To assess whether object relations theory (ORT) formulations generated by large language models (LLMs) enhance resident education in psychodynamic psychiatry.

Methods

This institutional review board (IRB)–approved observational study was conducted at a single academic program from January to March 2025. Eleven postgraduate year (PGY) 3 and 4 residents submitted de-identified psychotherapy case narratives to a GPT-4 model using a standardized ORT prompt. Residents evaluated accuracy, clarity, and educational value using a 10-item, 5-point Likert scale and provided free-text feedback. Descriptive statistics were calculated. Thematic analysis was used to identify key perceptions.

Results

Ten residents completed the rating process.

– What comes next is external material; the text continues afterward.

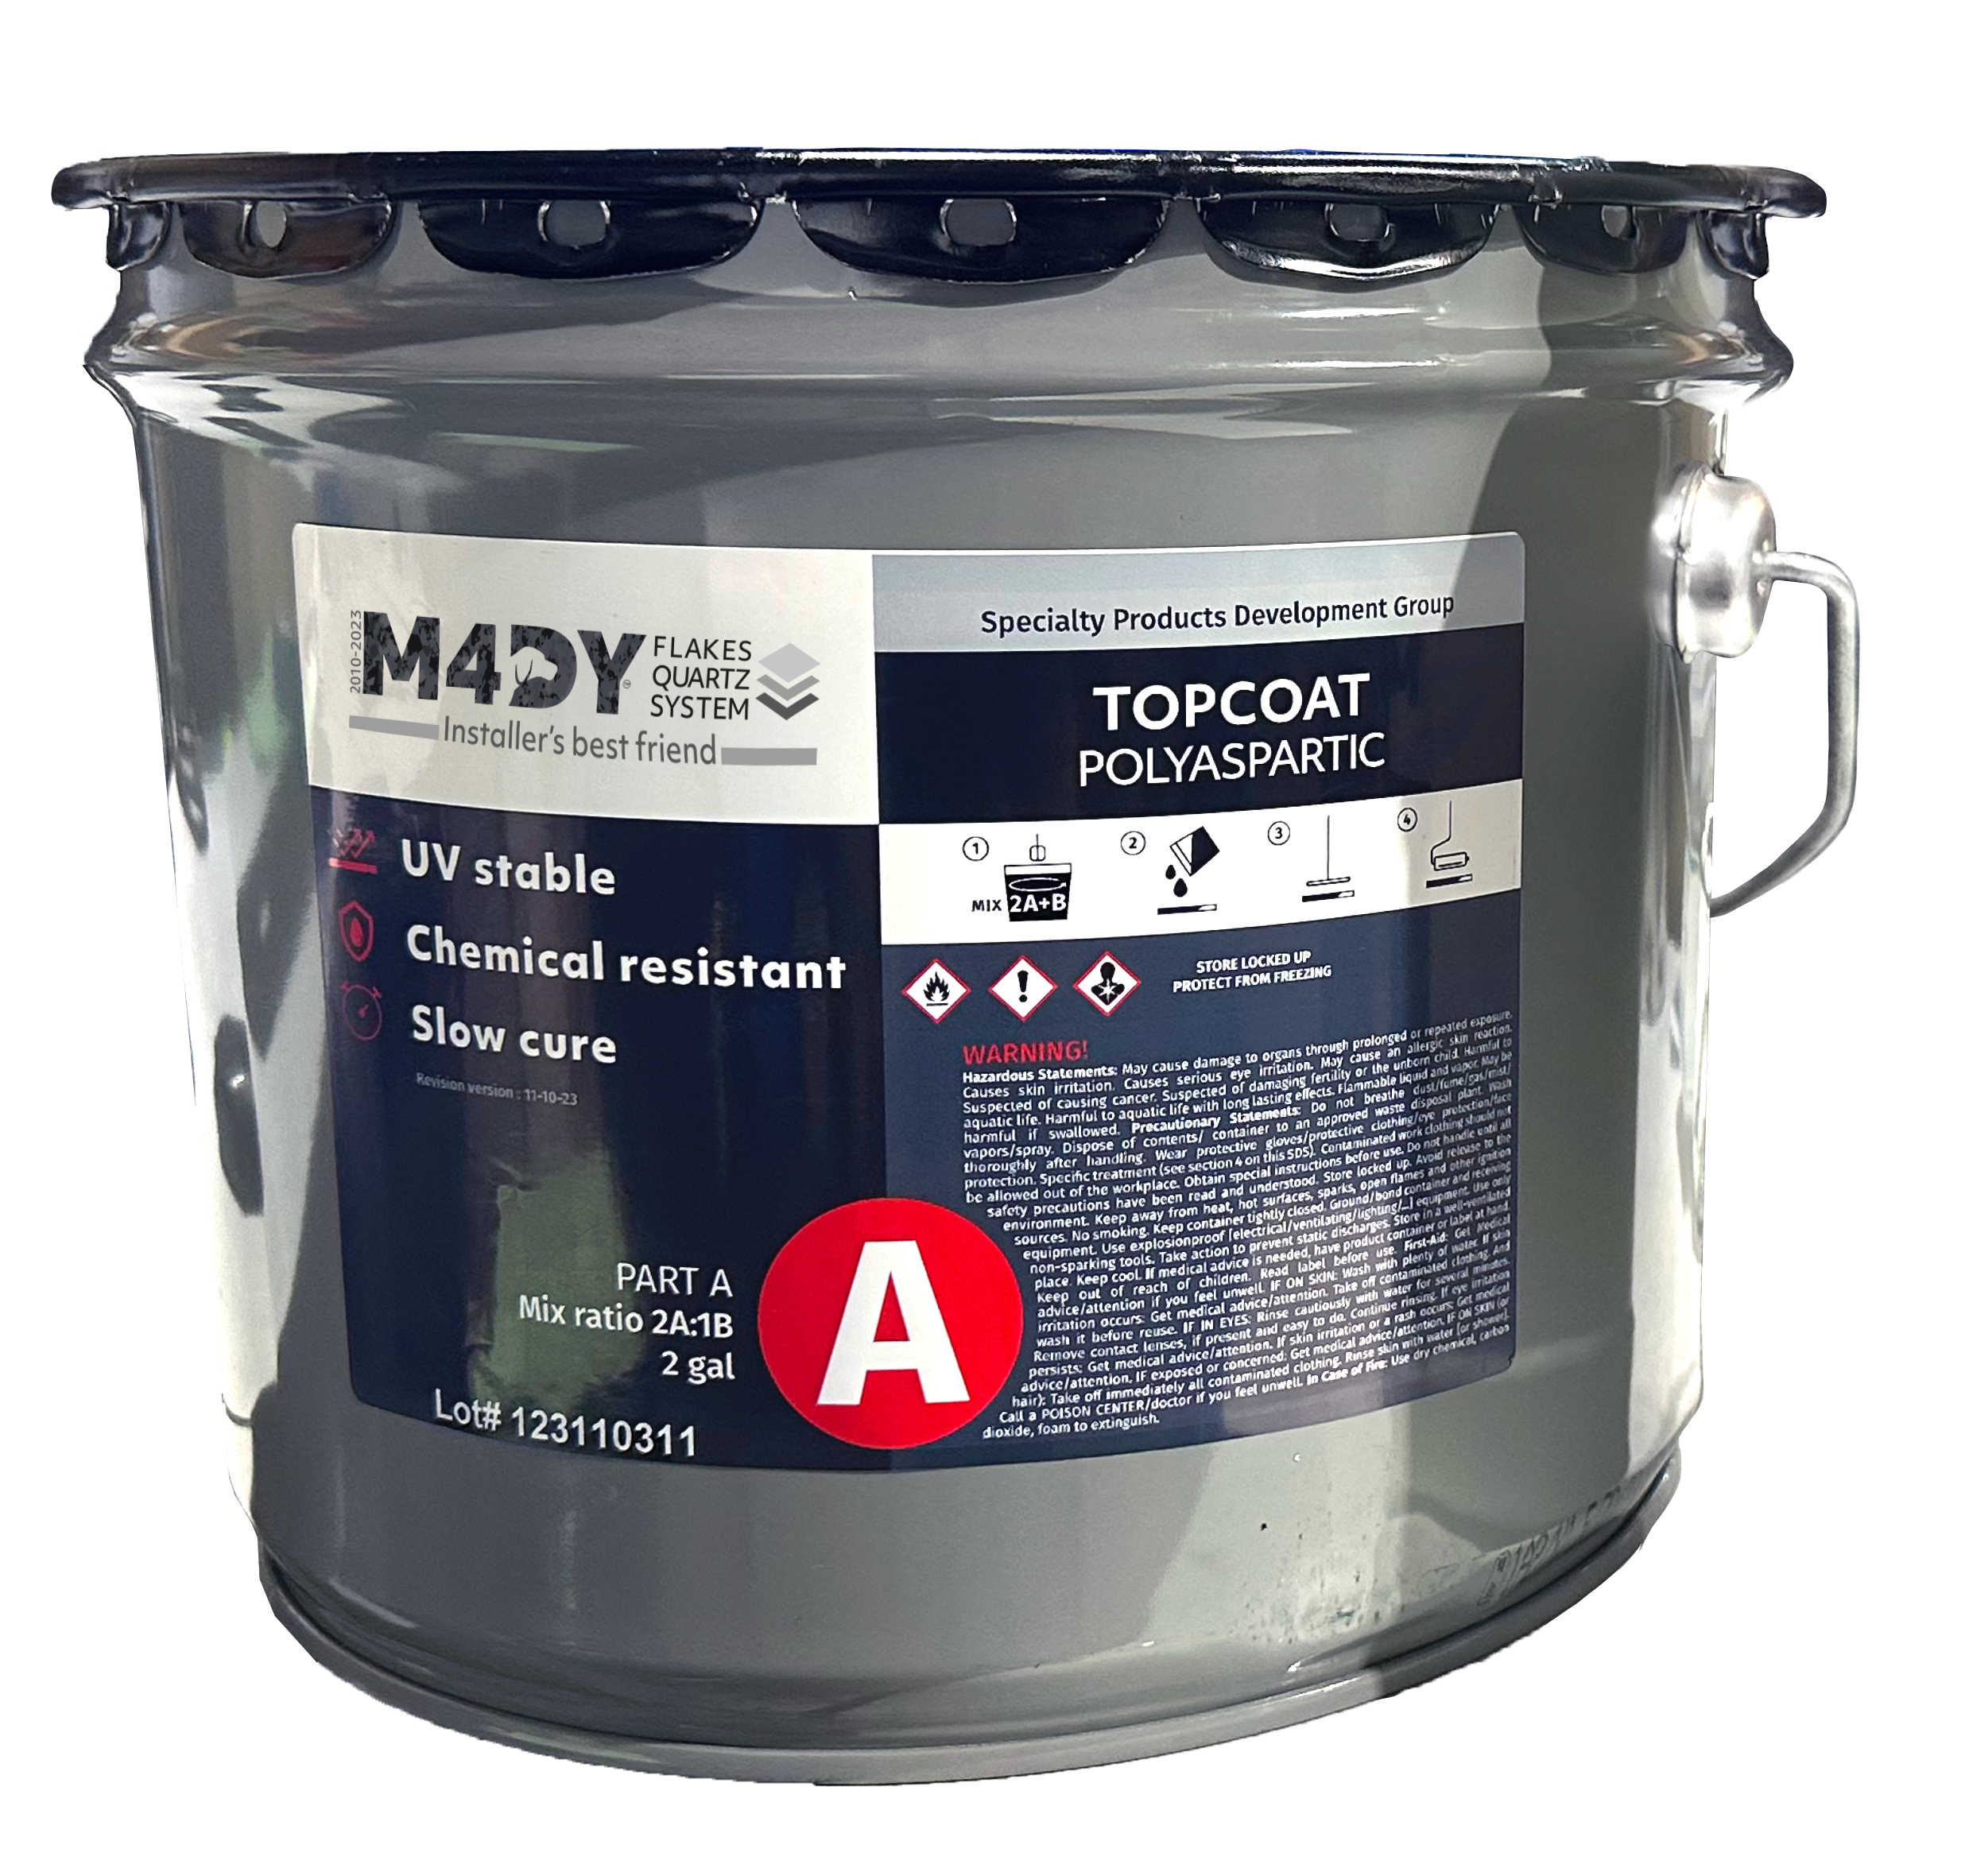 M4DY TOP COAT -Polyaspartic 80 Solids Topcoat 3 GAL - 0

Mean scores ranged from 3.5 to 4.2 across all items, with the highest ratings for identification of objects, affective tone, and educational value. Qualitative analysis identified five themes: (1) improved clarity and structure, (2) stronger conceptual anchoring to ORT, (3) risk of overgeneralization, (4) maternal emphasis bias, and (5) importance of faculty oversight. Residents characterized the outputs as concise and clinically applicable, although they noted occasional factual inaccuracies and misalignments with specific case details.

Conclusions

With appropriate supervision, AI-generated ORT formulations may serve as a valuable adjunct to psychodynamic education by standardizing terminology and supporting conceptual development. Future controlled studies are needed to evaluate effects on Milestone-aligned assessment and applicability to additional psychotherapy models.